The warm up matches for the T20 WC start next week. Pakistan will be playing its preliminary matches against England and the Netherlands. The last few years have been disappointing for Pakistan for various reasons. Pakistan’s openers remain as clueless and brittle as ever since the departure of Saeed Anwar and Aamir Sohail. The middle order has not managed to remain consistent with critcism being levied on Younis Khan, Shoaib Malik and Misbah. Pakistan’s best batsman Yousuf has been largely unavailable and so have been three of Pakistan’s key T20 players, Abdul Razzaq, Imran Nazir and Rana Naved. Further, although Pakistan’s fielding standards have improved slightly, they are improving slowly compared to other international sides.
Pakistan’s pace battery is almost totally ineffective, with Shoaib Akhtar and Mohammad Asif ruining their careers themselves and Umar Gul being the only fit and world class pacer. If all this isn’t enough, the Pakistan team management seems obsessed with not providing any meaningful chances to promising youngsters such as Fawad Alam.
T20 is not real cricket, because it seems to go against everything cricket is meant to be. Cricket is meant to provide equal footing to both batsmen and bowlers. Test cricket, which is considered as real cricket, is all about patience, intelligence, stamina and mental toughness. T20 is more about luck and excitement, although the qualities needed to play Test cricket can be useful in playing T20, too. Yet, if one attempts to envisage what the founders of cricket must have had in mind, T20 must be a polar opposite.
Pakistan has a golden chance to provide some hope to fans, as the Pakistan team is balanced and consists of experienced T20 players. It is crucial to stress that half of these players have played cricket in English conditions, so they know what to expect and also, Pakistani cricketers probably play more domestic T20
than anyone else. So, there should be no excuse for poor performance and claiming lack of familiarisation with English conditions will be unacceptable.
Younis Khan is leading the side although his T20 credentials are doubted. Younis performed commendably in the ongoing RBS T20 Cup where he played 2 aggressive knocks for Peshawar. There were reports after the ODI series against Australia that Younis has decided to relinquish captaincy in favour of Afridi. These reports were obviously untrue, but it does prove that there is a considerable body of opinion that doubts Younis Khan as a T20 player.

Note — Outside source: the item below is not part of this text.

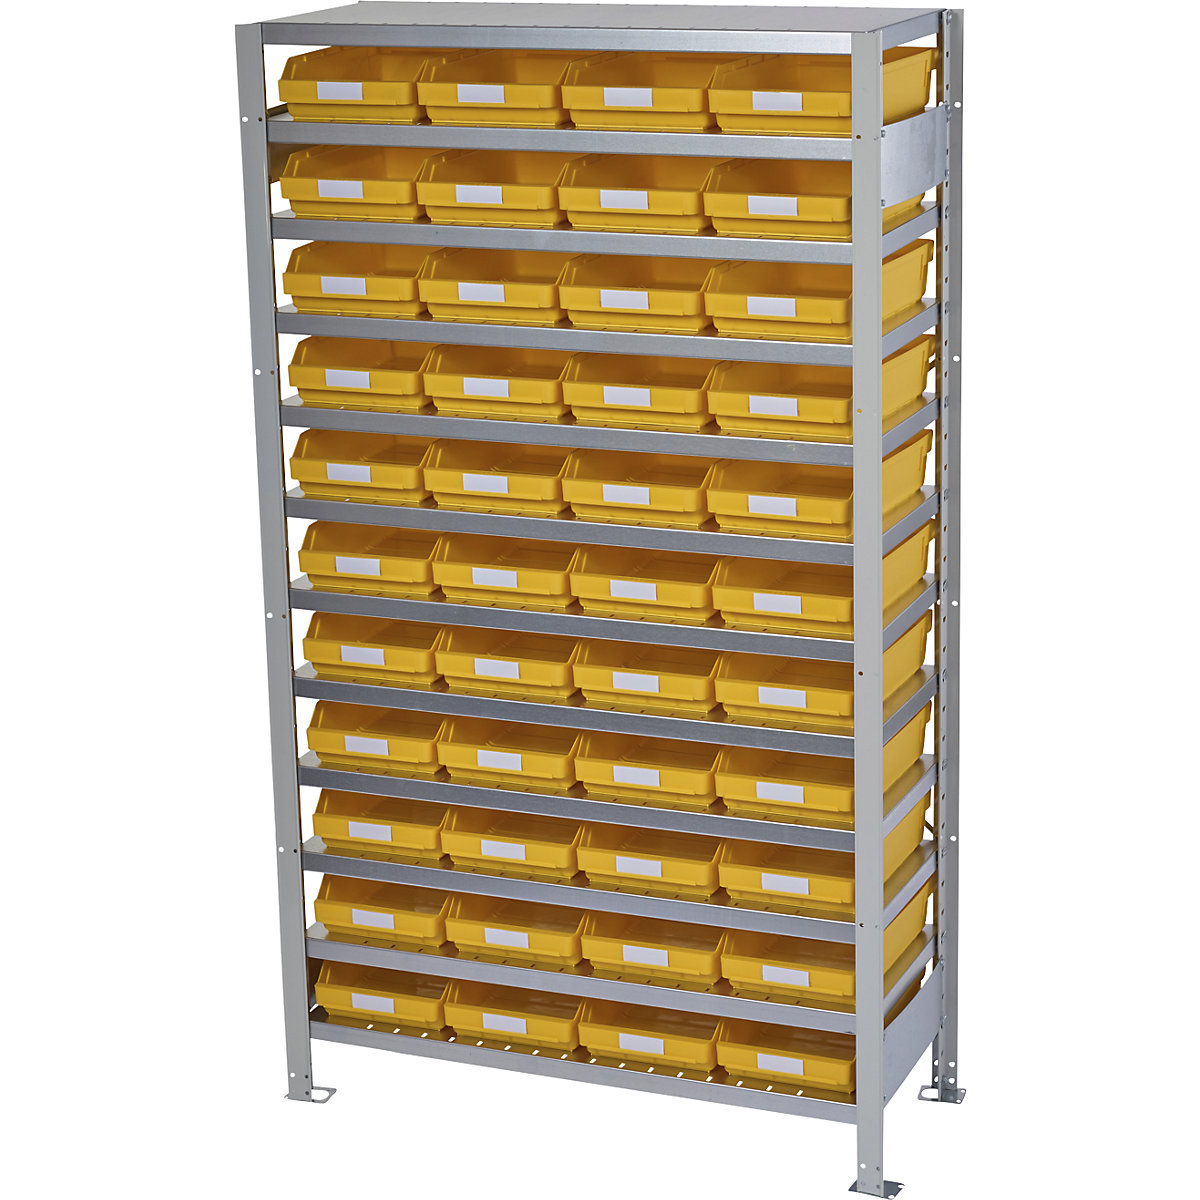 Zásuvný regál s regálovými přepravkami – STEMO, výška regálu 1790 mm, základní regál, hloubka 500 mm, 44 přepravek žlutých-37

Younis has to show more aggression than what we have seen from him. If Pakistani batsmen play defensively in this Cup, Pakistan will lose. Pakistan should also be mindful that other teams like New Zealand and South Africa have improved their T20 standards and they are capable of beating Pakistan this time round.
In particular the two openers Shahzad and Butt need to play lofted shots if they can’t drive the ball between the gaps. This is particularly important for Shahzad, who has struggled to place the ball in the gaps so far in international cricket. Neither Butt nor Shahzad have been in great form recently and it must be questioned why they have been picked for T20 when they do not appear to be T20 batsmen.
The new kid on the block, Shahzaib Hasan is inexperienced and it is rumoured Younis Khan opted for him over Khalid Latif. It would perhaps be wiser to give Hasan a chance in place of Shahzad, although it seems unlikely. Hasan was impressive in the recent mini series between Chairman’s XI and Patrons’ XI, where he was amongst the top scorers. Nasir Jamshed is returning to form in domestic cricket but his form was mediocre before this RBS Cup, so his exclusion is justified.
Ideally Younis should go with no more than 3 pacers. Spinners are usually more effective in T20 because the focus is
also to restrict the runs from the bat. My guess is that whoever is responsible for selection will once again not give a meaningful chance to Fawad Alam, but playing Fawad is undoubtedly an advantage because of his batting and fielding. He can also bowl a couple of overs if need be, although bowling is not his forte. The team management is likely to go with, 1.Butt 2.Shahzad 3.Younis 4. Malik 5. Misbah 6. Afridi 7.Akmal 8. Tanvir 9. Gul 10. Rao 11. Ajmal.
My preferred line-up would be: 1. Hasan 2. Afridi 3. Akmal 4. Younis 5. Malik 6. Misbah 7. Fawad 8. Tanvir 9. Gul 10. Rao 11. Ajmal
Aggression, good team spirit and fair selection can make Pakistan win this World Cup. Bowling wise Pakistan is adequately equipped with Gul, Afridi and Ajmal being world class bowlers. If Younis, Malik and Misbah once again do not show commitment and consistency, it will be a new low for Pakistan cricket and a slap on the PCB’s face.